Entrevistas Paulo Bastos - Mestrado

Entrevista – Júlio Pereira – 15/05/2018

Foto por António Gamito

NOME: Júlio Pereira

LOCALIDADE Lisboa

NATURALIDADE: Lisboa

 

Que modelo(s) de cavaquinho toca/estuda? que afinações?

Cavaquinho tipo Minhoto. Sempre com a afinação mi-si-lá-ré (de baixo para cima), excepto no meu último disco para o qual compus duas peças com a afinação ré-si-sol-sol e, também pela primeira vez, duas peças com braguinha (ré-si-sol-ré).

 

Há quanto tempo toca/estuda o cavaquinho? Como é que tudo começou? (pequena biografia no que diz respeito/orientada ao cavaquinho)

Tudo começou em 1978, num passeio com Pedro Caldeira Cabral na costa do Castelo em Lisboa; vimos numa montra de uma loja de instrumentos dois cavaquinhos que acabámos por comprar (900 escudos cada). Nessa altura, costumávamos conversar e tocar juntos informalmente, em sua casa, e foi com ele que troquei as primeiras palavras sobre o cavaquinho.

Passado não muito tempo (estamos em 1979), José Afonso convidou-me para trabalhar com ele. Refiro o Zeca por ter sido circunstancialmente – no caso do cavaquinho – elemento fundamental para o disco que eu viria a gravar em 1981.

Importante por três motivos: primeiro, pela necessidade de orquestração de duas das suas canções (relacionadas com o Minho): “O Cabral fugiu p´ra Espanha” e “As Sete mulheres do Minho”, onde o cavaquinho se enquadrava muito bem – o que me levou a desenvolver a técnica do rasgado; segundo, pelas circunstâncias de saúde em que o Zeca se encontrava que levaram a que ele me pedisse para  tocar duas ou três peças com o cavaquinho em todos os seus concertos; e, por último, o facto de, na altura, os restantes elementos do grupo que comigo o acompanhavam – Sérgio Mestre e Janita Salomé – me acompanharem também em situações informais.  Este conjunto de circunstâncias fez com que tocasse todos os dias, até que decidi fazer um disco para o qual trabalhei exaustivamente até à sua gravação.
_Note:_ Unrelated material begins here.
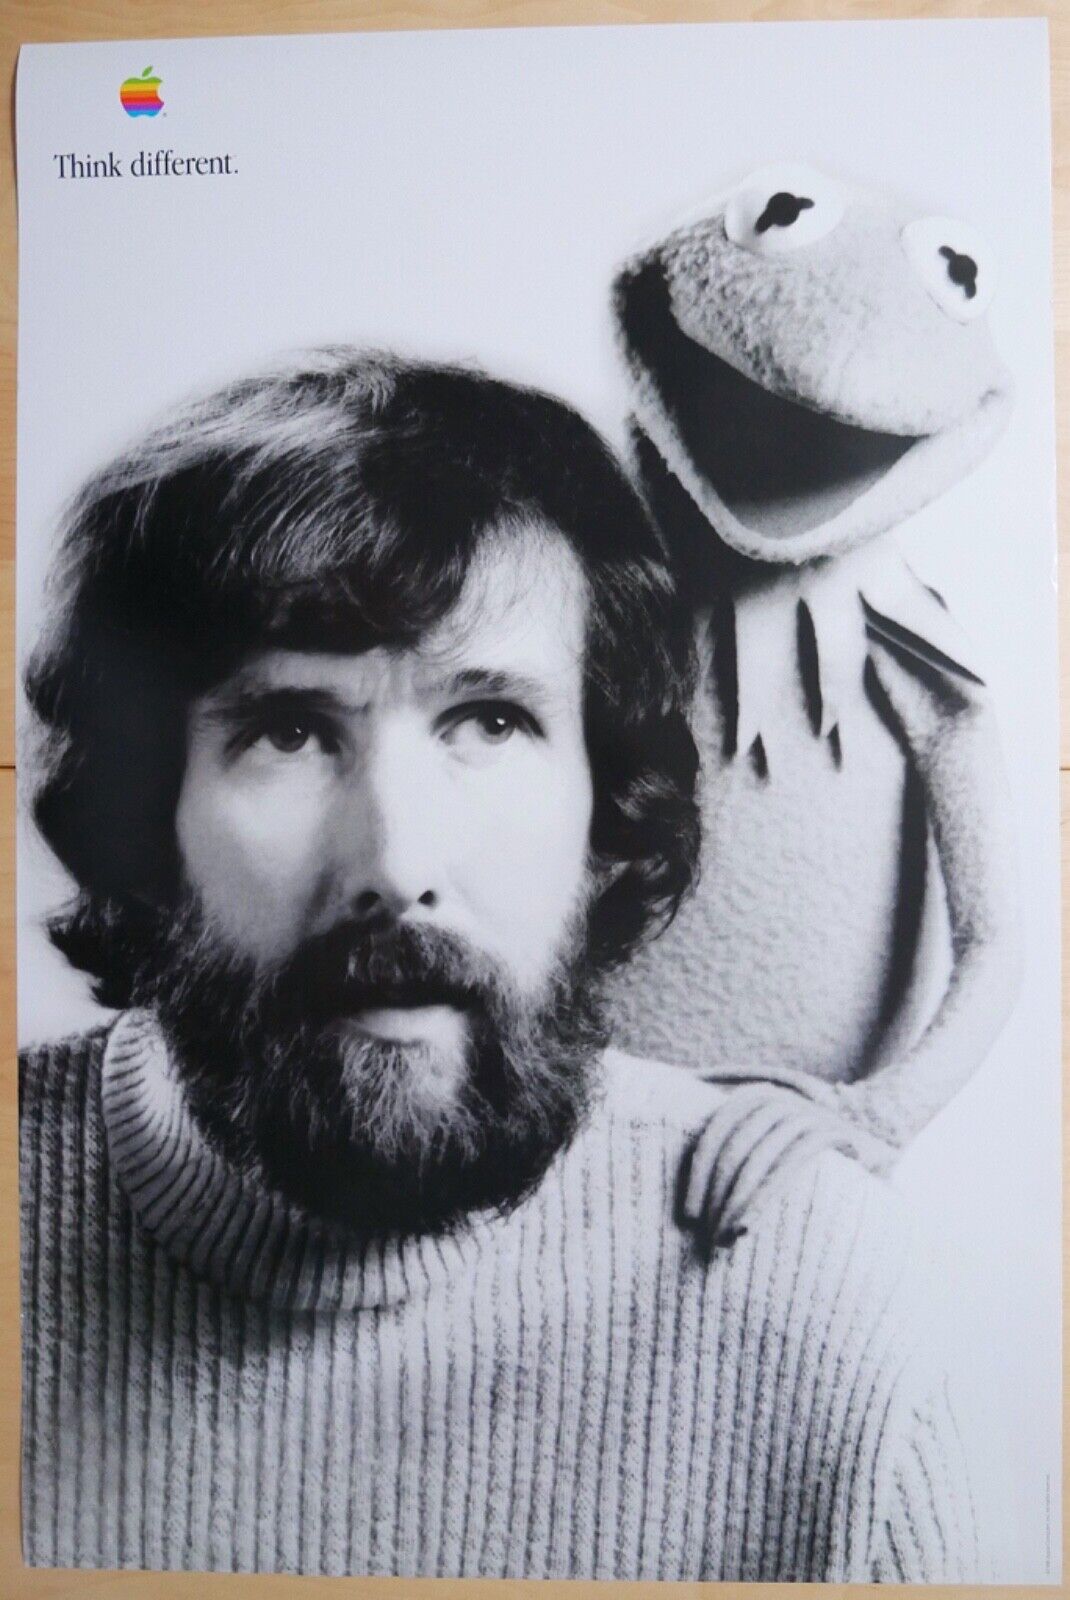 Vintage Apple Think Different Poster  - Jim Henson & Kermit
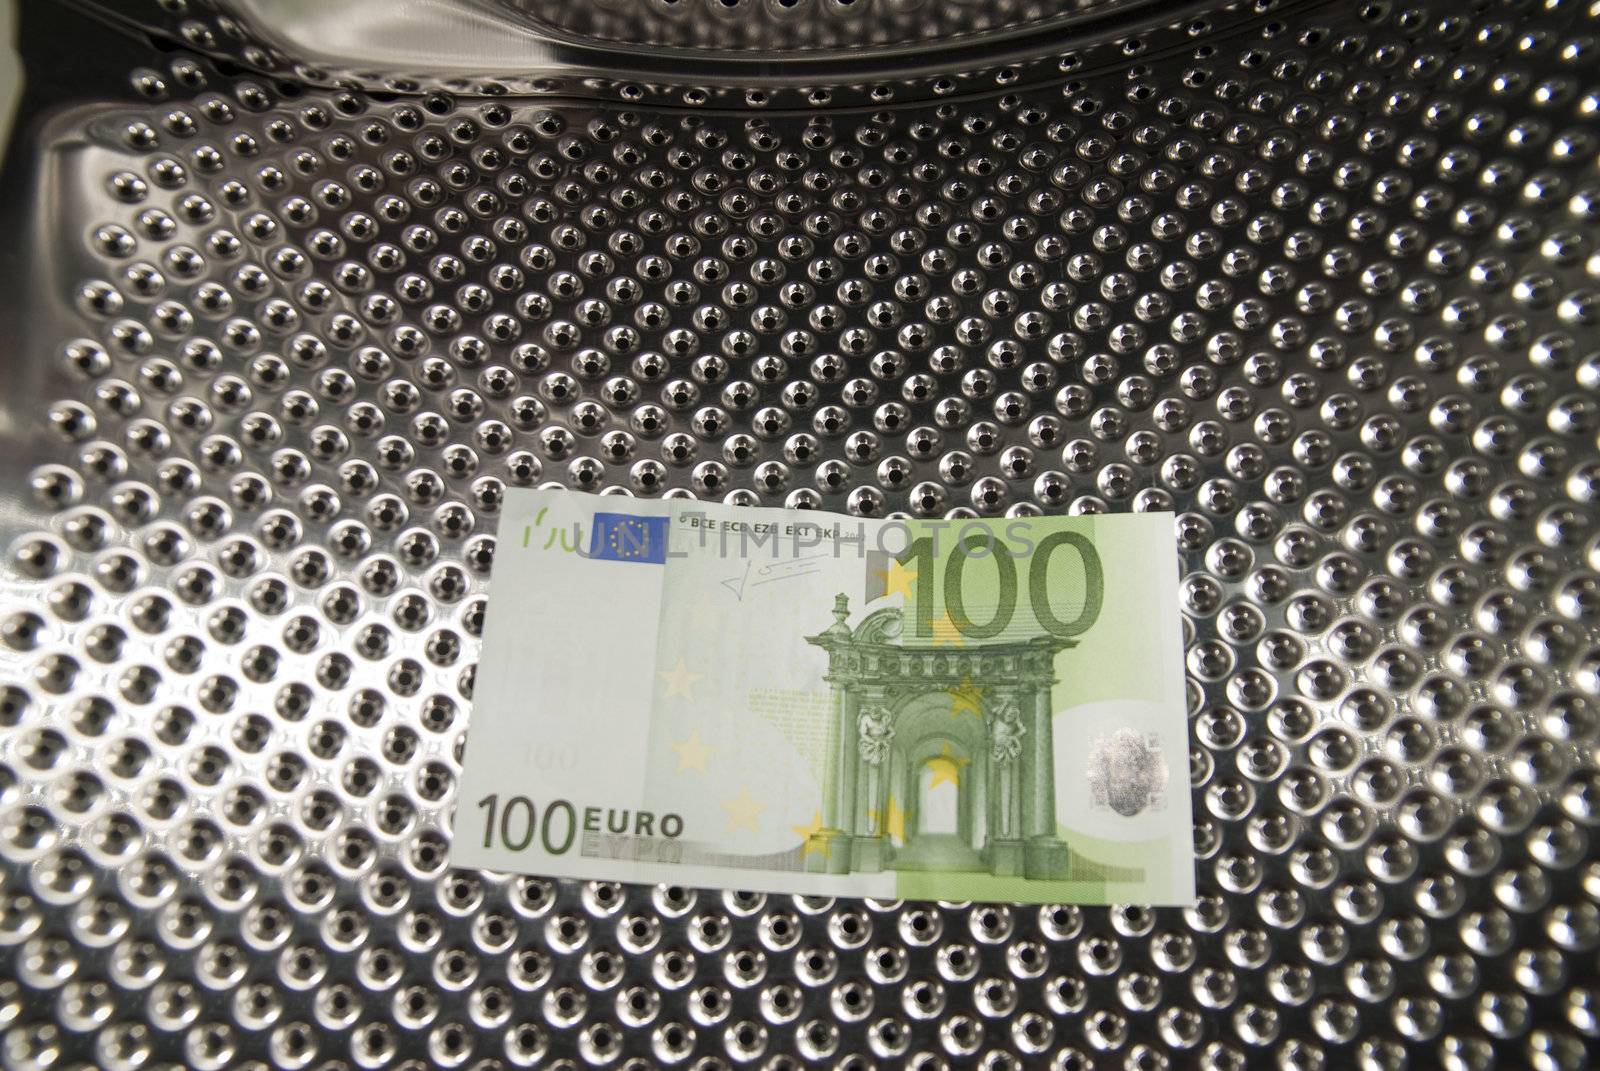 Euro bills in the lattice drumhead,of Washing Machine.

É pertinente indicar que, neste processo, o ano de 1980 e os dois seguintes foram importantes, pois só com José Afonso no estrangeiro acabei por mostrar o cavaquinho em mais de oitenta concertos.

No decorrer desses anos visitei Braga para conhecer o construtor Domingos Machado e o seu pai – únicas referências, a nível de construção de cavaquinhos que tinha na altura – e o tocador Bernardino Silva.

Em 1980 conheci também um importante personagem – Ernesto Veiga de Oliveira, então director do Museu Nacional de Etnologia e autor do livro “Instrumentos Musicais Populares Portugueses – que, ao ouvir algumas gravações em cassete do trabalho que desenvolvi, me impulsionou para a sua publicação, acabando por prefaciar o disco “Cavaquinho”, Ed. Sassetti, 1981.

 

O que o fascina no cavaquinho português particularmente? O que o faz apreciar e escolher o instrumento como objeto de estudo ou para se exprimir artisticamente?

Digamos que se trata de uma coincidência entre instrumento e instrumentista.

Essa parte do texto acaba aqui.